Being open source means that it’s essentially honest - it allows you to check for any skeletons in the closet of its coding, or potential vulnerabilities. It can run a vast number of different encryption protocols too, which makes it hugely versatile. On top of those great qualities, it can be run through either the UDP or TCP port, making it a very difficult VPN protocol to block when  it’s configured correctly. 

OpenVPN uses the same AES 256 bit encryption as IKEv2/IPSec, but as it’s so versatile and customisable, can also be configured to use RC5 and Blowfish encryption protocols. 

The compatibility of OpenVPN can also be a downside though - for a less experienced user, it can be overwhelming and excessively complicated to set up. The speeds it can achieve are also not the absolute best. 

I rate it 9/10. I love being able to switch up encryption types and which port I’m using depending on what I’m doing online - which means I can get around most blocks. If OpenVPN was that little bit faster, I’d definitely give it a 10. 


When you’re talking about VPN protocols, Wireguard is the one that gets back end developers and encryption specialists all excited, like school children around their crush. That’s because it’s the newest, sexiest protocol on the market and uses a brand new encryption algorithm which is making the other protocols jealous. 

Wireguard uses ChaCha20 symmetric encryption, Curve25519 for anonymous key exchange, Poly1305 for data authentication, and BLAKE2s for hashing. That might sound like technological nonsense, but a coder who is reading this just felt a little tingle. 

As well as using the latest technological advancement in the VPN world, Wireguard is the tightest piece of coding available in VPN protocol terms. It only uses 4000 lines of code to function, which is easily 100 times less than the likes of OpenVPN. 

It’s got variety too and can run through any UDP port, making it super hard to block. Last of all - the speed is excellent thanks to that ChaCha20 encryption, which no other VPN protocols currently have. 

The only downside to Wireguard is that it is still so new. That means VPN providers are finding their own solutions to slight gaps in Wireguard's security that are still being found. 
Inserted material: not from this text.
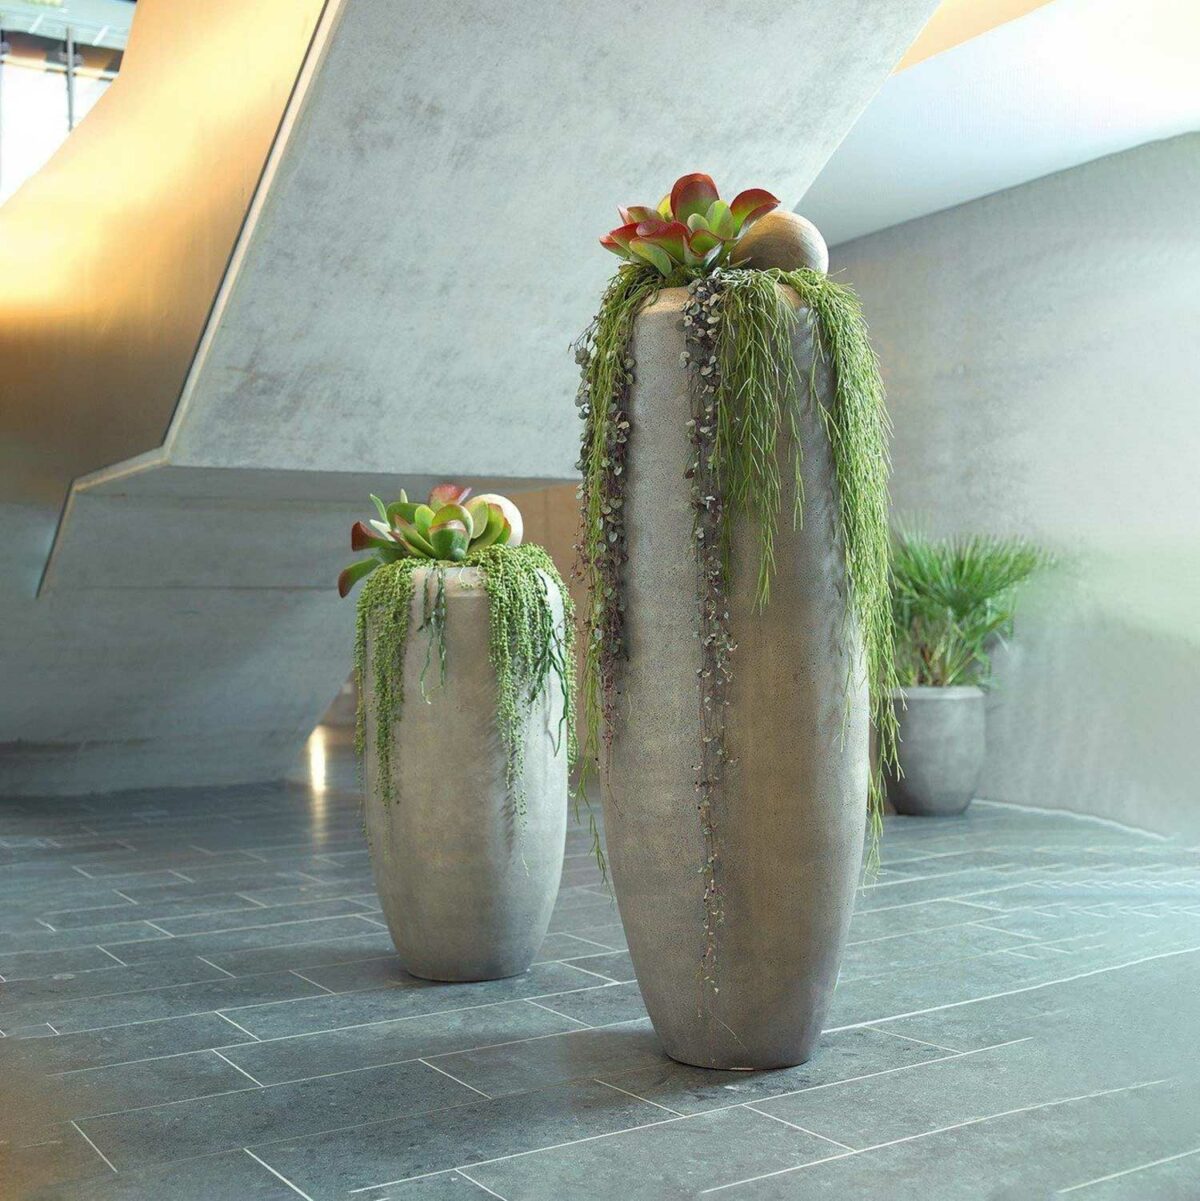 HAVANA floor vase gray H 100 cm

I rate it 10/10. The newest isn’t always the best, but if you need a fast VPN connection Wireguard is the one. When I’m streaming, downloading large files or gaming, I always go with it and it hasn’t let me down yet.

Which VPN protocol is my perfect match? 

As we’ve explained, the different VPN protocols can be best used in different situations. 

If you’re just looking for a seriously safe VPN connection that won’t ever let you down, then there’s an argument to go with OpenVPN all the time. It means that you can be sure your data will be safe and your anonymity preserved. 

When you’re looking for straight up speed of connection and a tiny bit of instability doesn’t bother you, maybe Wireguard is the one. You know it will always get the best connection speed because of that brand new ChaCha20 encryption. 

If it’s stability you rely on above all else, then IKEv2/IPSec is probably your choice. It’s been around for the longest and has the most miles on the clock, so it’s been more rigorously tested than either of the other two we offer at BlufVPN. 

Essentially, your perfect VPN protocol match might depend on how you’re feeling at the time, but now you have the tools to make an informed choice.